Durch Hören­sagen wurde die Patrikā in Nord­in­dien mehr und mehr bekannt und die Bestel­lungen stiegen stark an. Keine andere Ver­öf­fent­li­chung erklärte die Abso­lute Wahr­heit so deut­lich wie die Patrikā, ohne jeg­liche Spur von welt­li­cher Sen­ti­men­ta­lität, unper­sön­li­chen Auf­fas­sungen oder erdachten Aus­le­gungen, die den Lehren der Veden wider­spra­chen.
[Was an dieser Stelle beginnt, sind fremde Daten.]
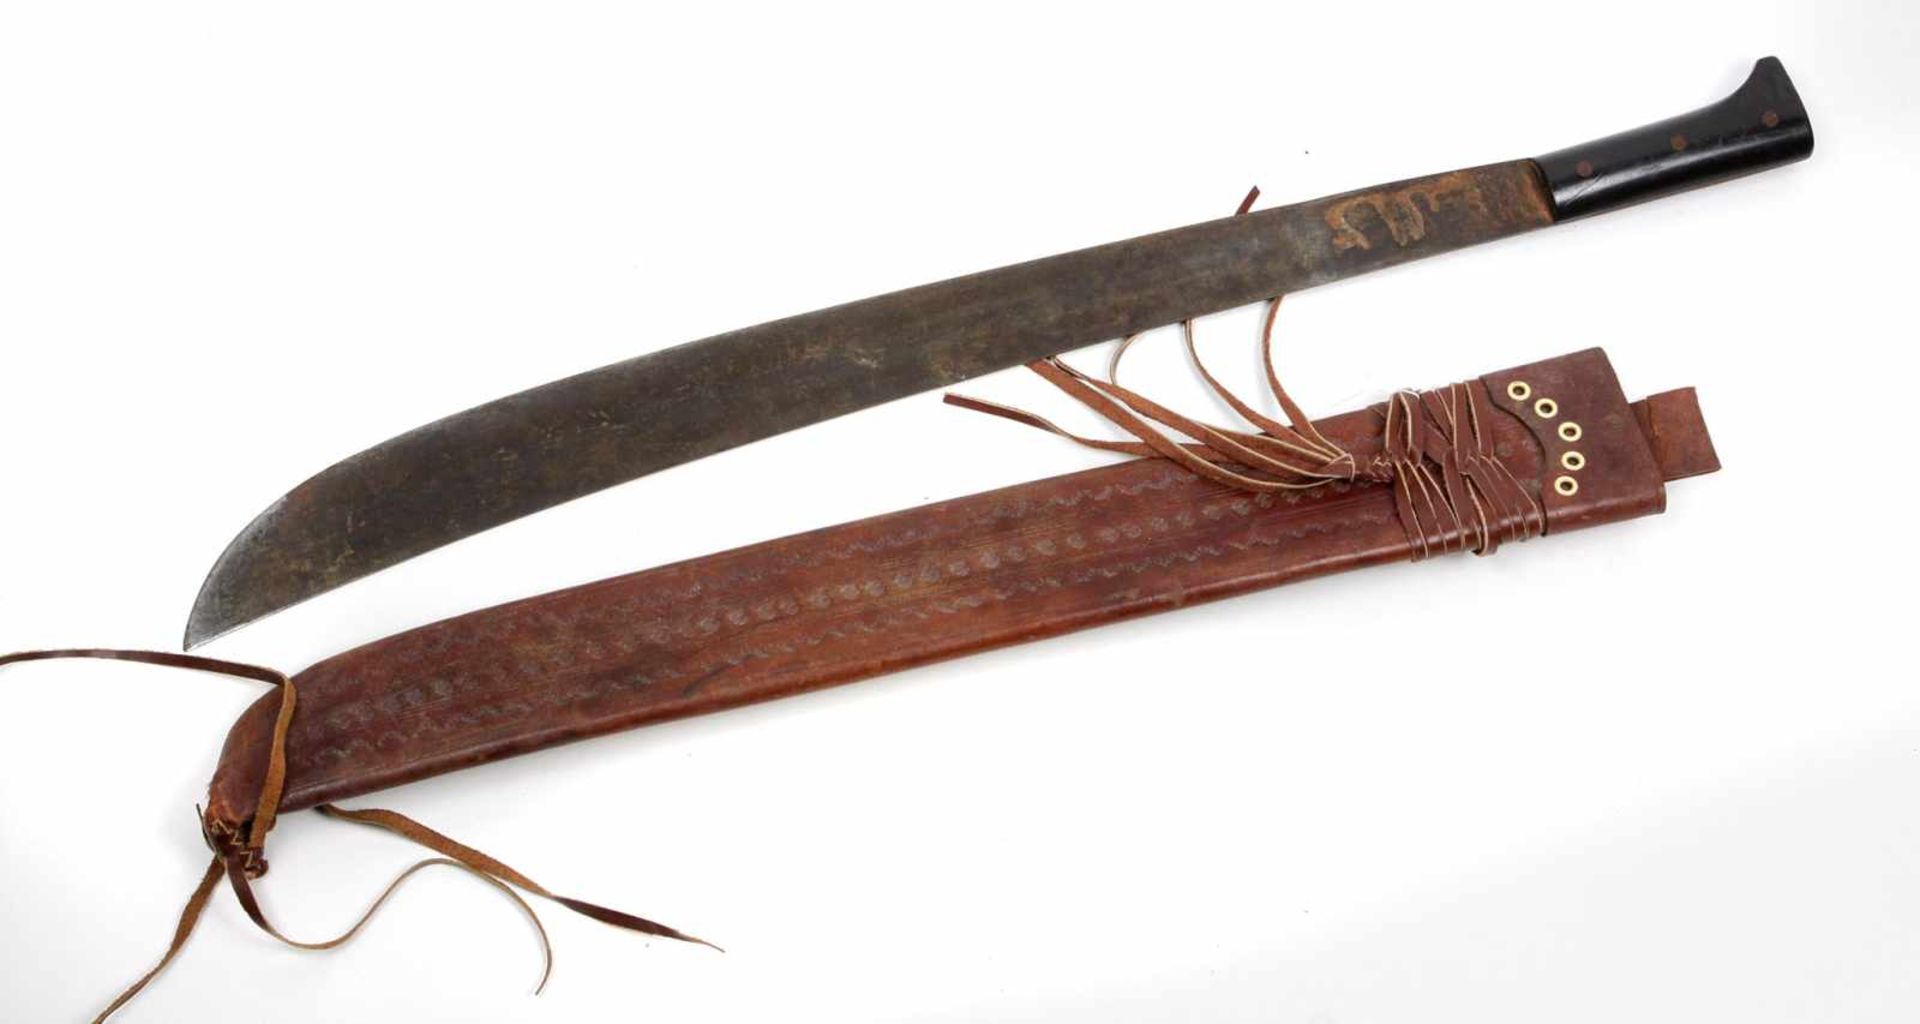 Machete mit Lederscheidegroße Eisenklinge von ca. 3,5 bis 5,5 cm breite, an kutzem schwarzem

Die Zeit­schrift gewann an Ein­fluss in den gelehrten und reli­giösen Kreisen wie auch bei anderen füh­renden Vaiṣṇava-sam­pra­dāyas. Leser, denen die Gauḍīya-Vaiṣṇava-Lehren neu waren, wandten sich oft mit ihren Fragen an Śrīla Guru­deva, und Guru­deva beant­wor­tete diese Fragen in den fol­genden Aus­gaben.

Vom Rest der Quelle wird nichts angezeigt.